Hope you're all well.

Just wondering if anyone has any info regarding attestation of work certificates as a relative of mine in the UK needs to get this done for applications here.

I presume a work certificate is simply a reference letter, but is there an easy way to do this?

I can't imagine the logistics of tracking a previous employer and trying to get a notary to witness them sign, especially if it's a centralised head office somewhere that will issue the reference.

Just wondering if anyone knows if there is a way to do this via giving the job reference to a lawyer or something and getting it attested somehow.

Any responses appreciated!


----------



## nikkisizer

Hi M123,

I am assuming you are referring to degree certificates etc. that need to be attested....

If so check out this website which you may find of use:

British Council - Middle East - Attestation services in UAE


----------



## divngator

I was looking online earlier and just happened to see that the Embassy has a link to get that done. I'm having something notarized there myself.


----------



## M123

Hi Thanks for the responses. I really appreciate it.

I'm referring specifically to work experience 'certificates' which in the UK would normally be references. (i.e. confirmations from previous employers about time of service).

Things like Marriage or educational certificates are fine as per the processes described. I was wondering if anyone has had to do this.

To attest a work experience letter from my mind would potentially require the person signing it to be witnessed by a notary public, which in itself will be an incredible hassle to organise.

Just hoping there is something I've missed, or perhaps an agency or someone that can do this?

Many thanks


----------



## Renoir21

Hello M123,

I've also go provide a Work Certificate for my visa application in Dubai. Can you let me know how you got on with yours and just what was involved?


----------



## rsinner

Providing a "work certificate" (or whatever term is used for it) is standard for anywhere in the world. Never had to get mine attested. And I have had visas issued by 3 companies in UAE


----------



## M123

Renoir21 said:


> Hello M123,
> 
> I've also go provide a Work Certificate for my visa application in Dubai. Can you let me know how you got on with yours and just what was involved?
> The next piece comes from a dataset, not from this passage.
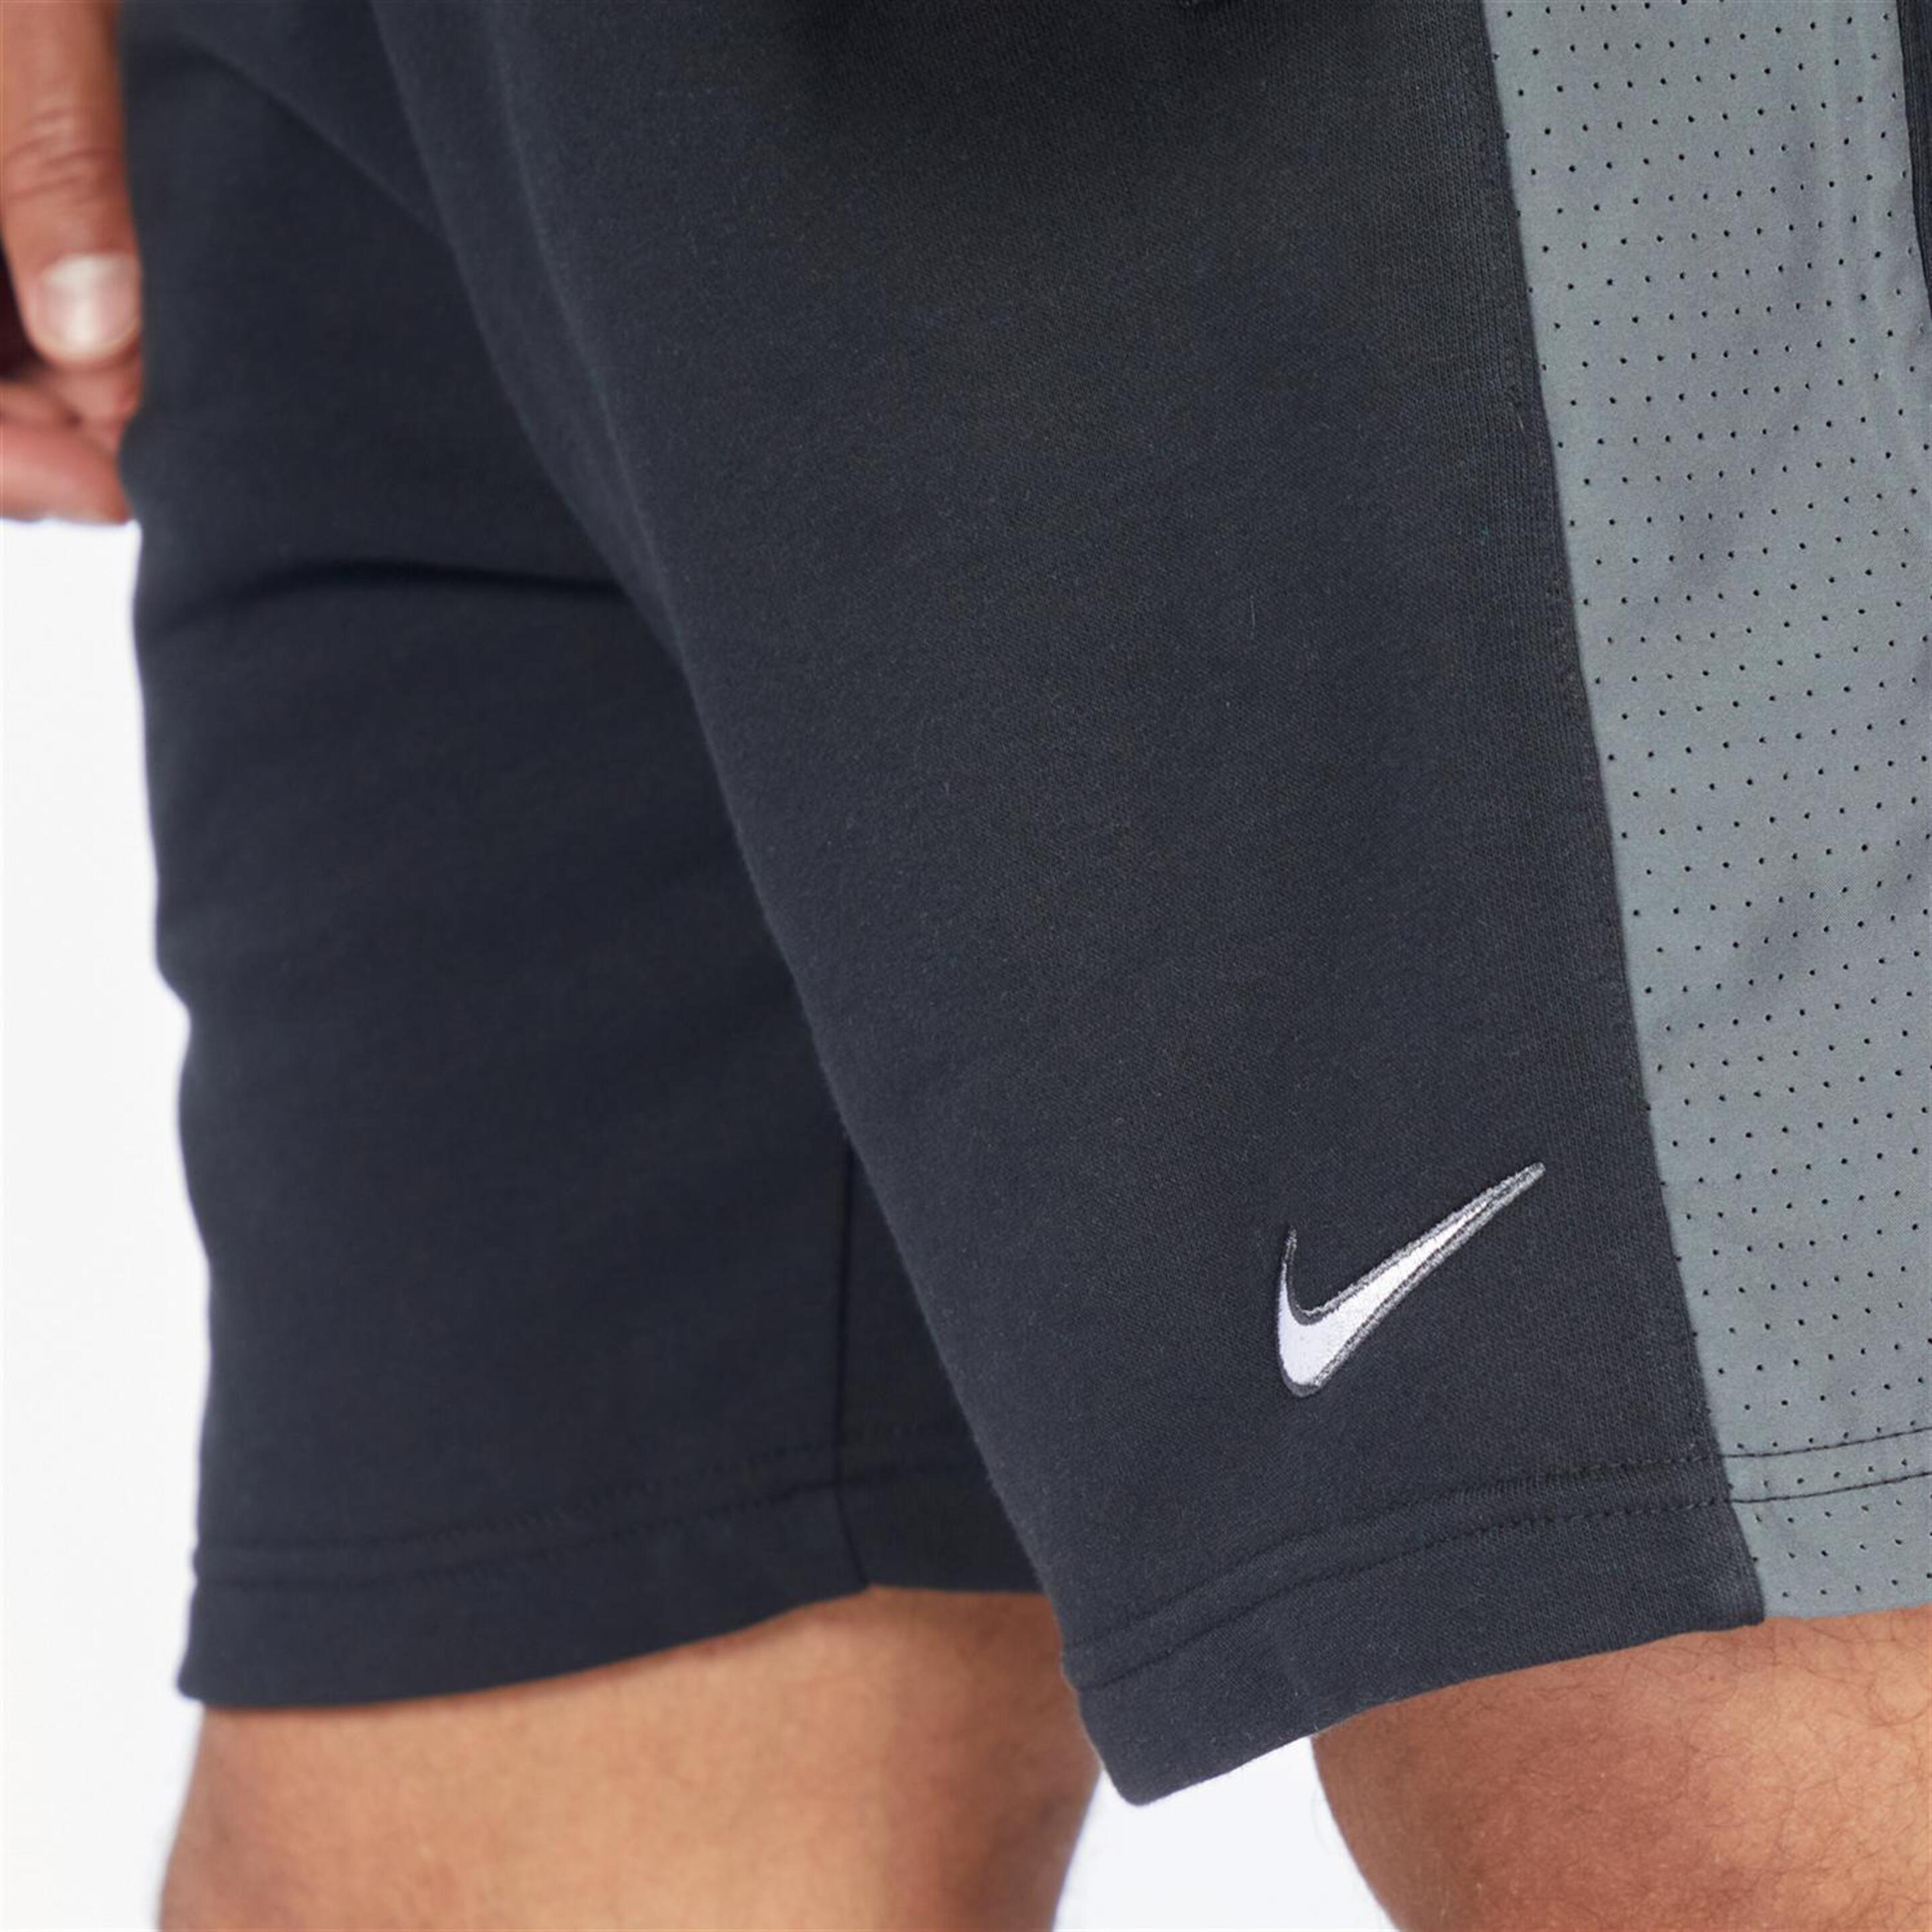 Nike Sp - Negro - Pantalón Corto Hombre

To get it attested would need first to have the signatory sign the reference in the presence of a notary public in the UK. They will just sort this out when they are next in the UK. As the one I described is to do with the Government process (with the MOH) it's tough to explain to them that a 'work certificate' is not a standard procedure in the UK, if your employer is more flexible you may get some better luck especially if non-government. sometimes you can get away with a reference but if they ask for it to be attested then you need to get the referee to go to a notary or have them visit the referee whilst signing. (you can then get it attested as per the normal procedure as you would a degree or something)



rsinner said:


> Providing a "work certificate" (or whatever term is used for it) is standard for anywhere in the world. Never had to get mine attested. And I have had visas issued by 3 companies in UAE


I believe it is standard terminology for India (as many of my Indian employees call it that) and perhaps is something common there. It's certainly not a standard for anywhere in the world. In the UK they usually ask for 'references' and these references are normally checked via the HR dept. who can and usually will contact the referees to determine authenticity. Even back in the UK when I worked I'd had some overseas experience, and the organisation had contacted the referee overseas.

You also likely never had to get yours attested because it wasn't requested. If the potential employer requests it then it's different. Also as it is essentially a signed letter, that reference can't be attested very easily without the signatory jumping through the hoops described above.

I hope this clarifies it for you because what you are describing isn't compatible with what I had asked previously.


----------